Just like relationships aren’t just physical. If cheating is only about sex, relationships are too—which is anything but true.
A relationship is a physical, emotional, mental, and spiritual connection. When we commit to a partner, we commit to them in each area.
That’s why sexual affairs don’t only define cheating but emotional experiences.
What is an Emotional Affair?
An emotional affair (also known as emotional cheating) occurs when one partner invests more time and energy with someone outside of the relationship. It’s building inappropriate, emotional intimacy with someone else, eventually turning to them instead of their partner.
What’s the difference between friendships and emotional affairs?
Yes, we’re allowed to have friendships and connections outside of our relationships. That’s not what emotional cheating is, but platonic friendships can evolve into vibrant affairs.

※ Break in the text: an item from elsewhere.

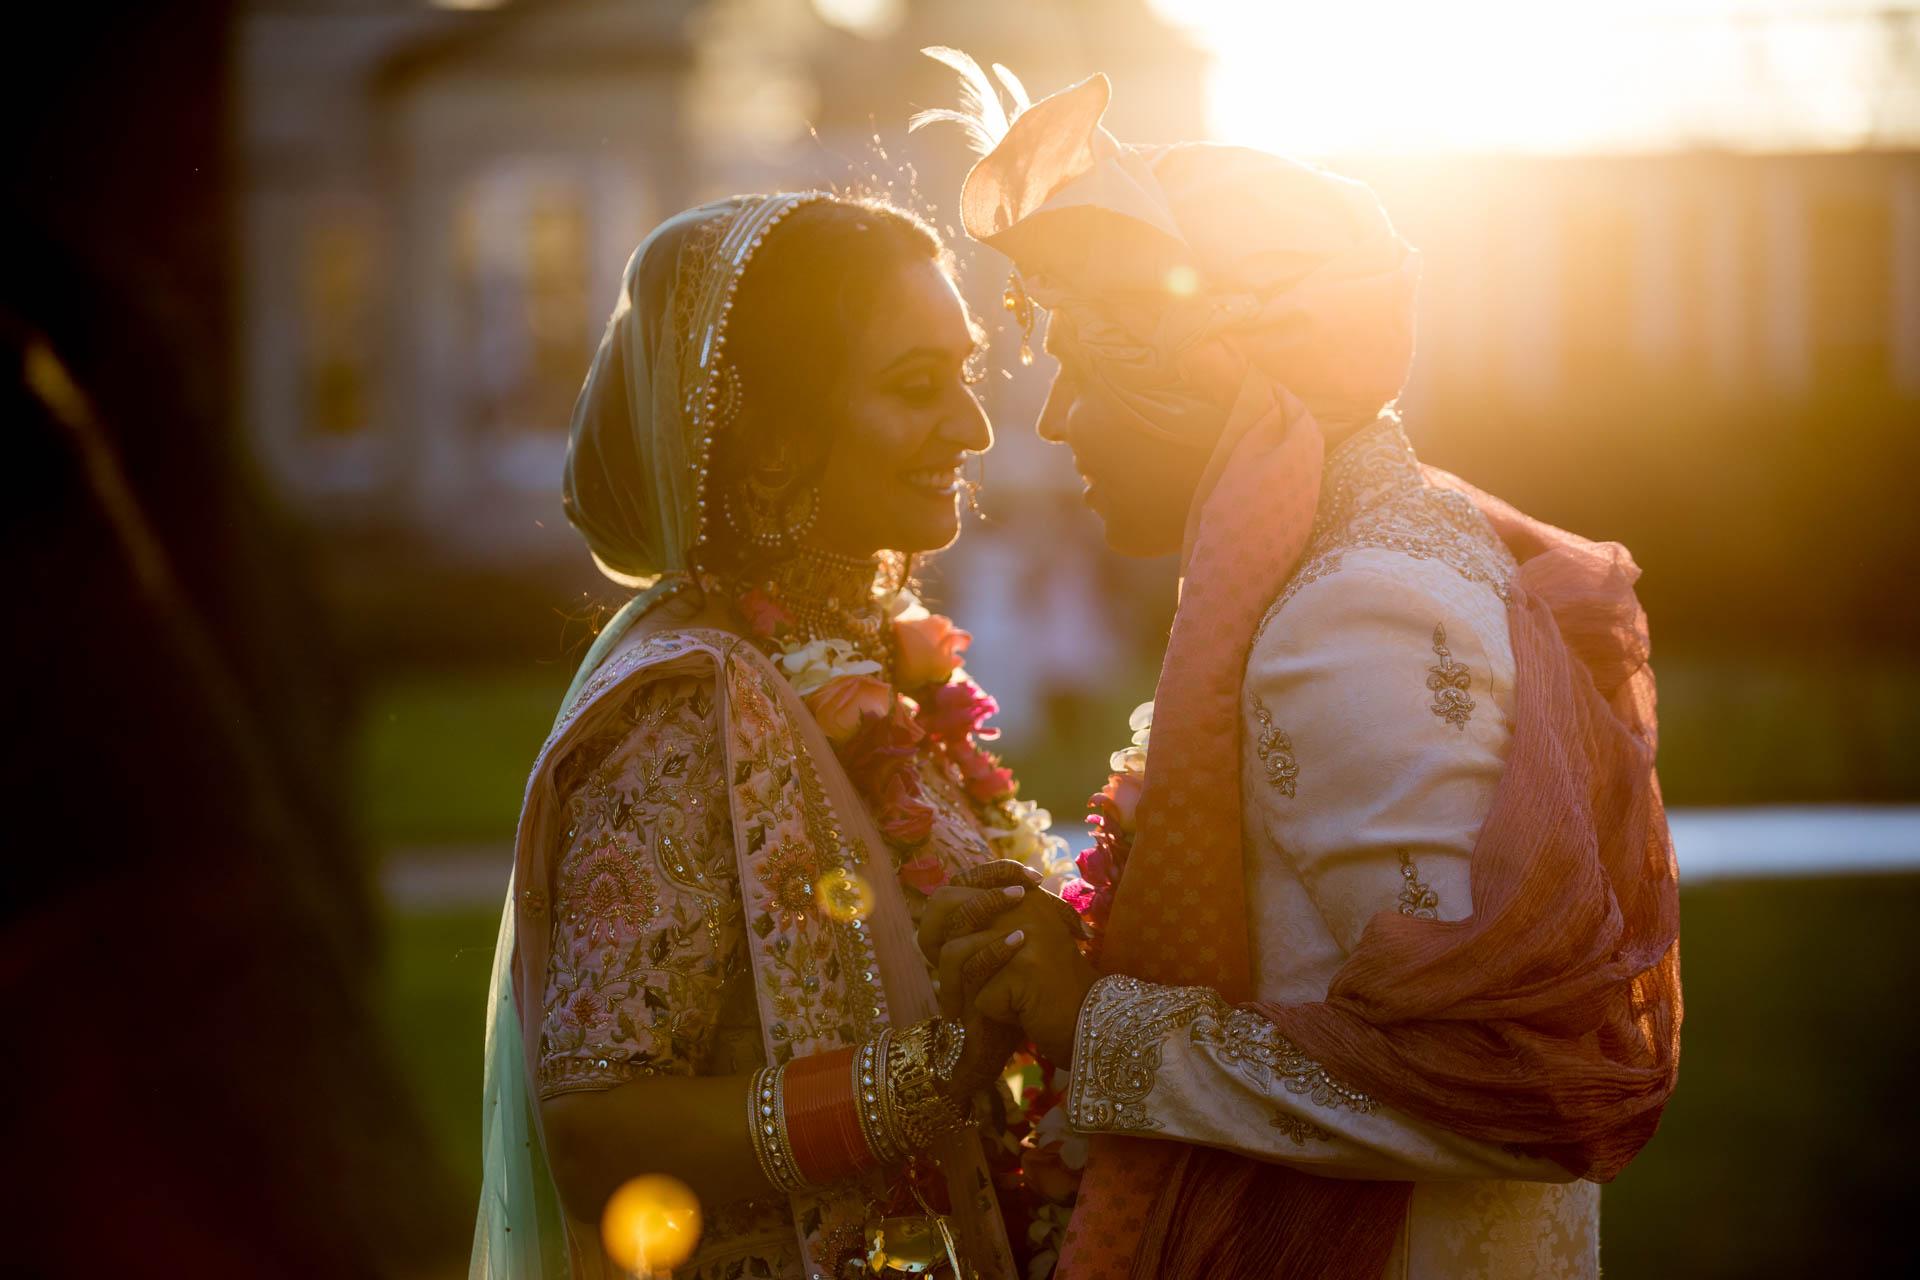 Richard Murgatroyd Photography - London Wedding Photographer - Most Curious Fair Blog -0019.jpg
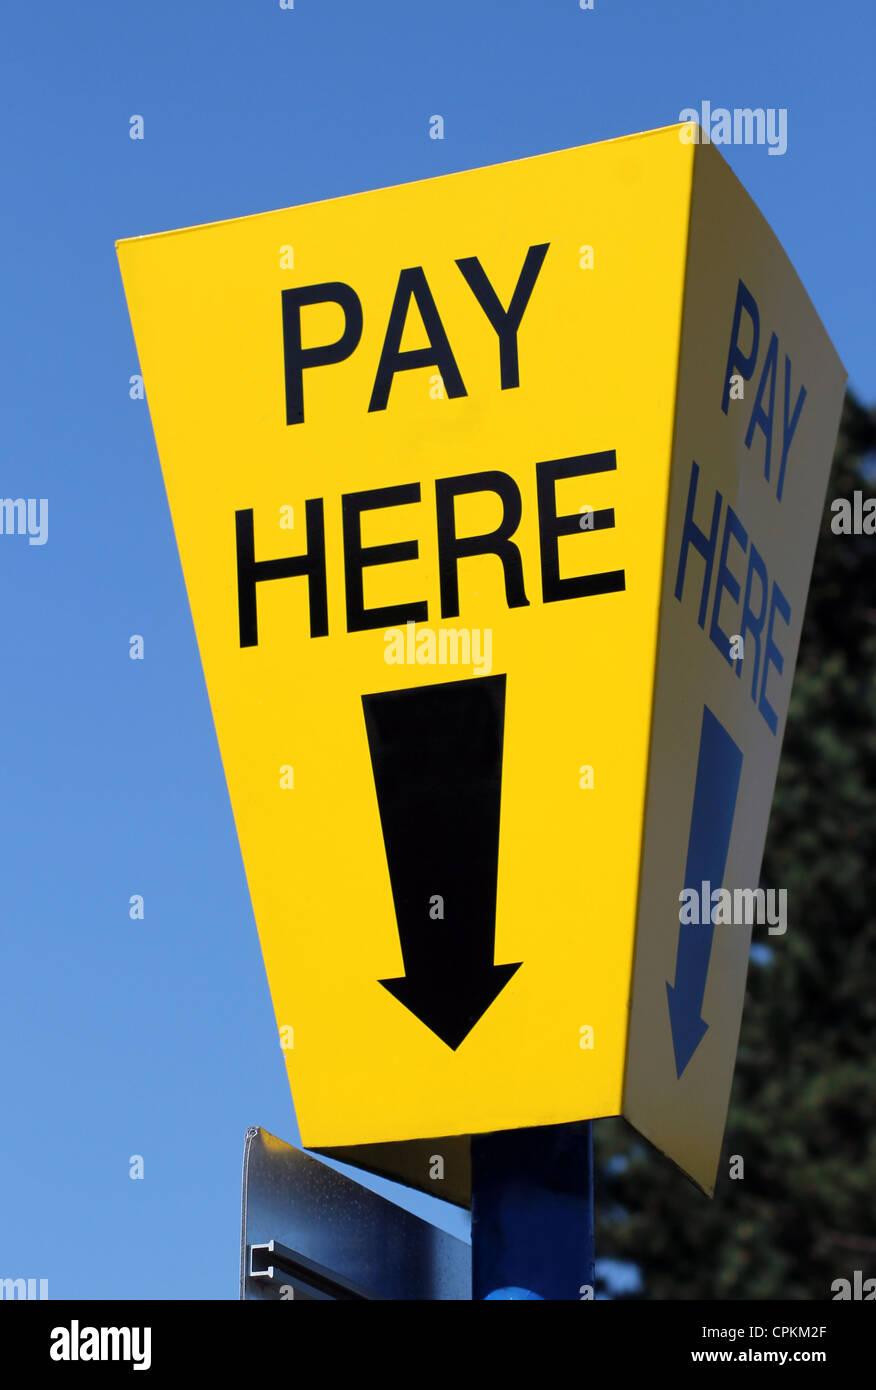 Parking voiture jaune payer ici signer avec fond de ciel bleu et de flèche directionnelle. Photo Stock

There are three critical defining characteristics of a passionate affair:
The moment a partner or spouse downplays or covers up the extent of a “friendship,” it becomes betrayal. Seemingly “casual” conversations build into sexual tension and preoccupation, leading to a disconnection in the committed relationship.
2. The knowledge that it hurts their partner.
It’s emotional cheating when they know it bothers you, but they keep doing it, anyway. You’ve talked about it. Maybe you’ve even set boundaries, but they continue to disrespect your relationship and emotional well-being.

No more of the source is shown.